**TRY IT:** Reproduce the entries below exactly, but only from the line containing "2024 3rd International" to the line containing "Melbees by Yellow", inclusive.

**EXERCISE DATA:**
***

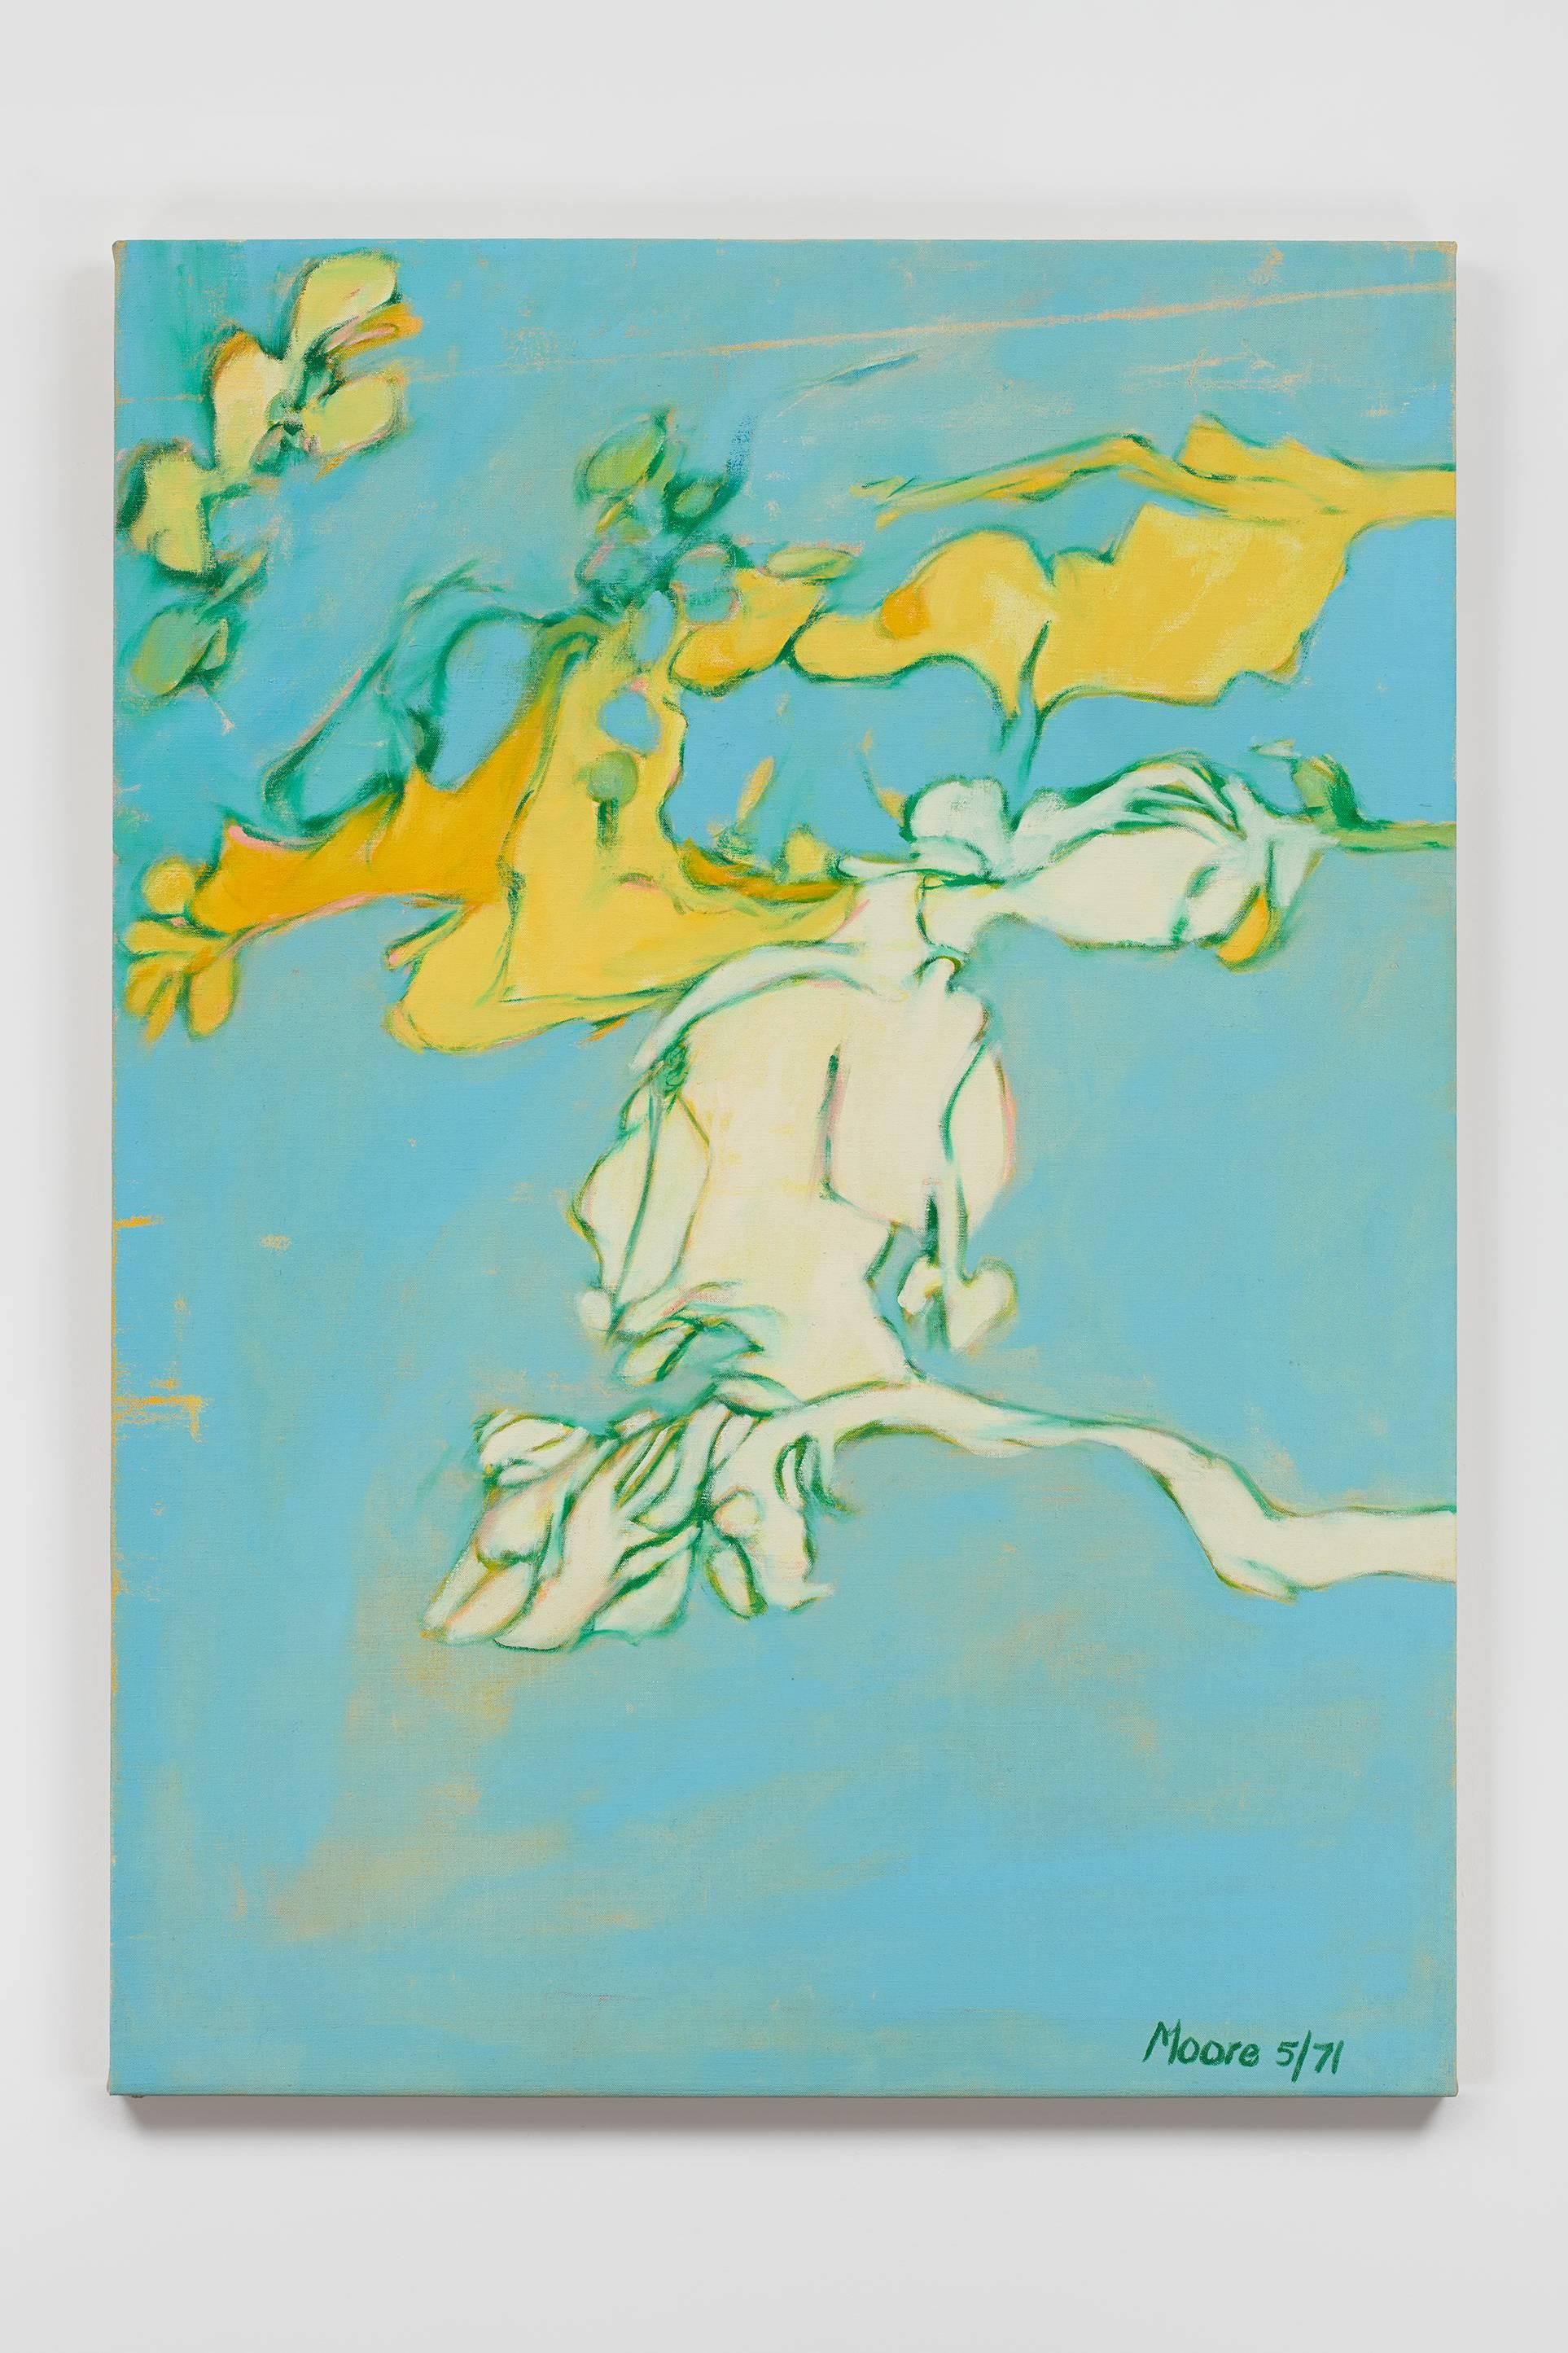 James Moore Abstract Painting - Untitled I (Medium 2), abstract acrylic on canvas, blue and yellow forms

***

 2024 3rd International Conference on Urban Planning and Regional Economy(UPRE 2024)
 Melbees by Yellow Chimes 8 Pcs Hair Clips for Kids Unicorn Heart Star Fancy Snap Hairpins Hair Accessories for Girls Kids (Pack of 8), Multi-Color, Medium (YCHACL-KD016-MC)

***

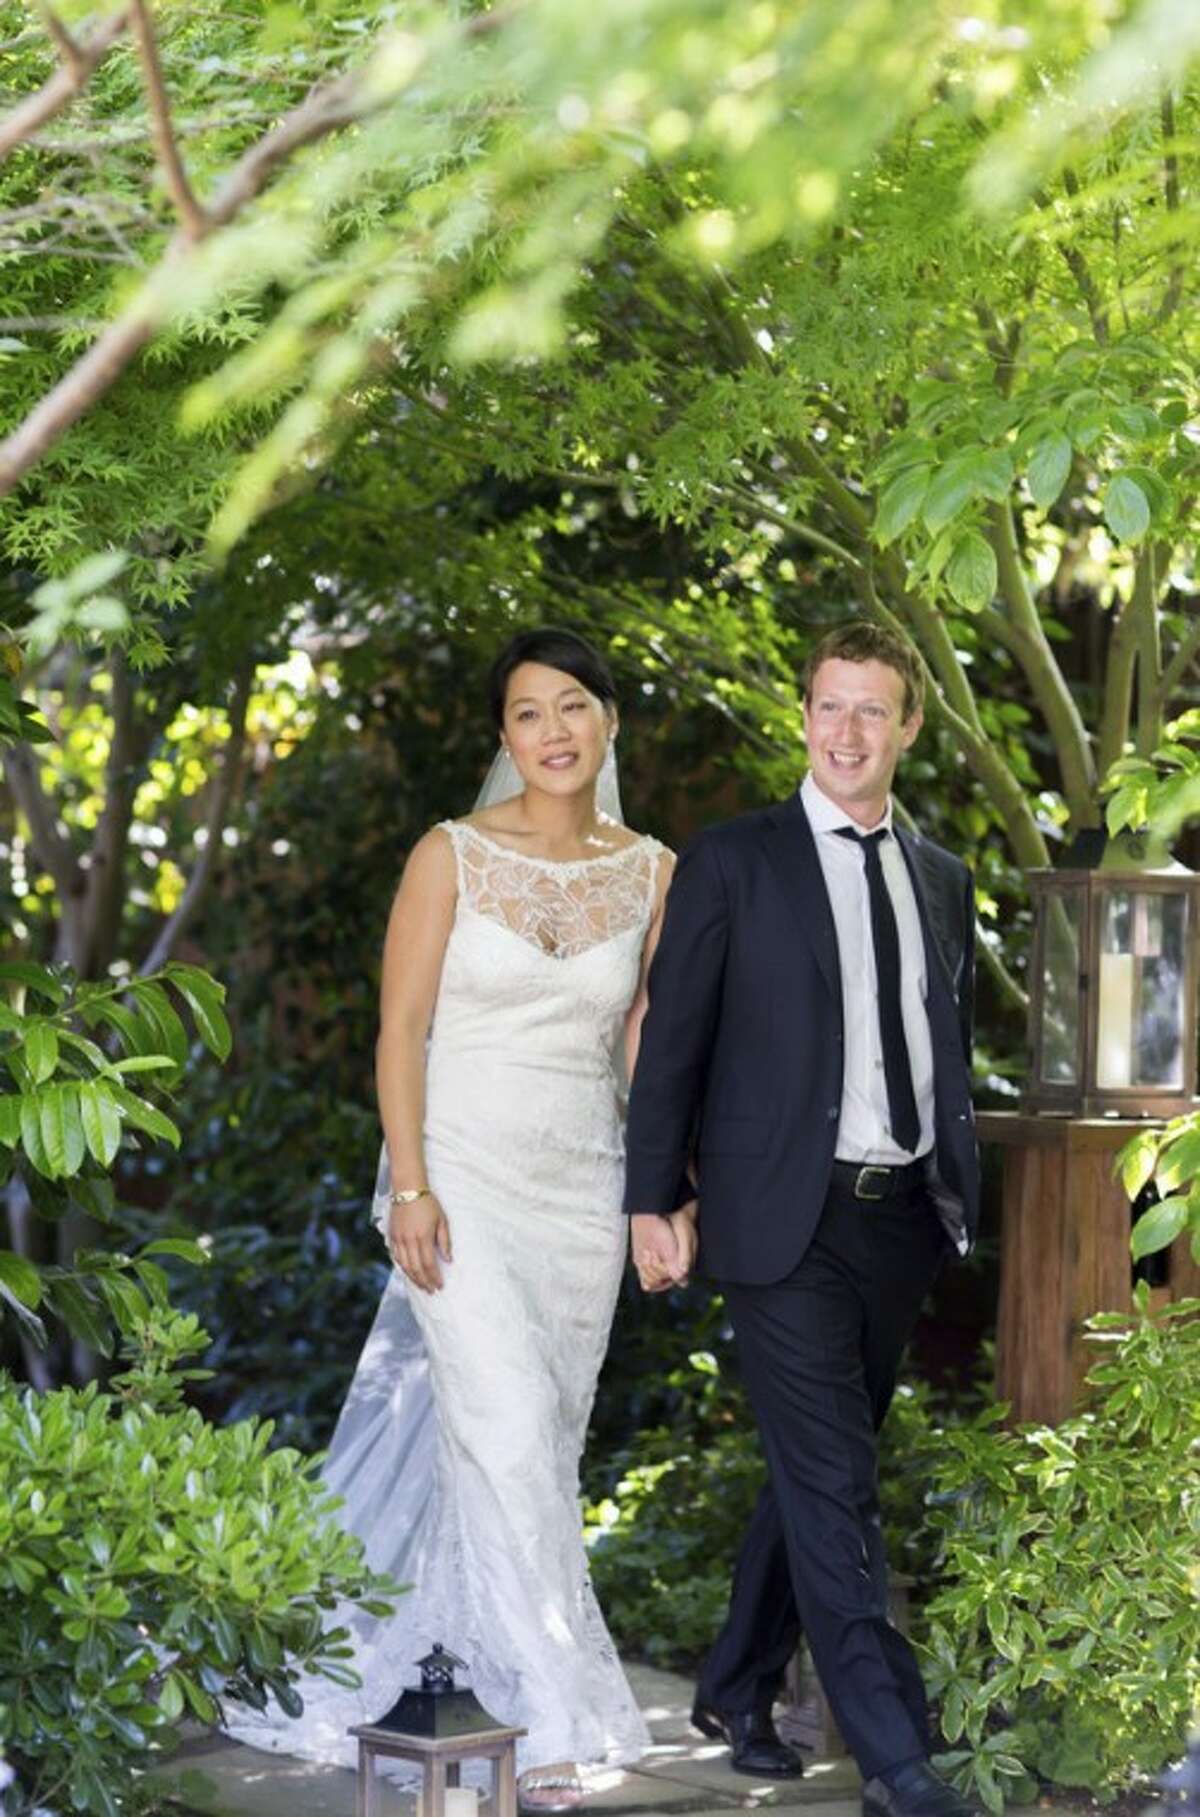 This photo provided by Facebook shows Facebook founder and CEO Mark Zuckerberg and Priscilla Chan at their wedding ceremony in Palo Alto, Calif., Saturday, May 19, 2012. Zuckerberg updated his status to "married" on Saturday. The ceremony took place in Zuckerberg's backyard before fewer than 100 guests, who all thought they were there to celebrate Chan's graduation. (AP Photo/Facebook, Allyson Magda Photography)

***

**RESPONSE AREA:**
 2024 3rd International Conference on Urban Planning and Regional Economy(UPRE 2024)
 Melbees by Yellow Chimes 8 Pcs Hair Clips for Kids Unicorn Heart Star Fancy Snap Hairpins Hair Accessories for Girls Kids (Pack of 8), Multi-Color, Medium (YCHACL-KD016-MC)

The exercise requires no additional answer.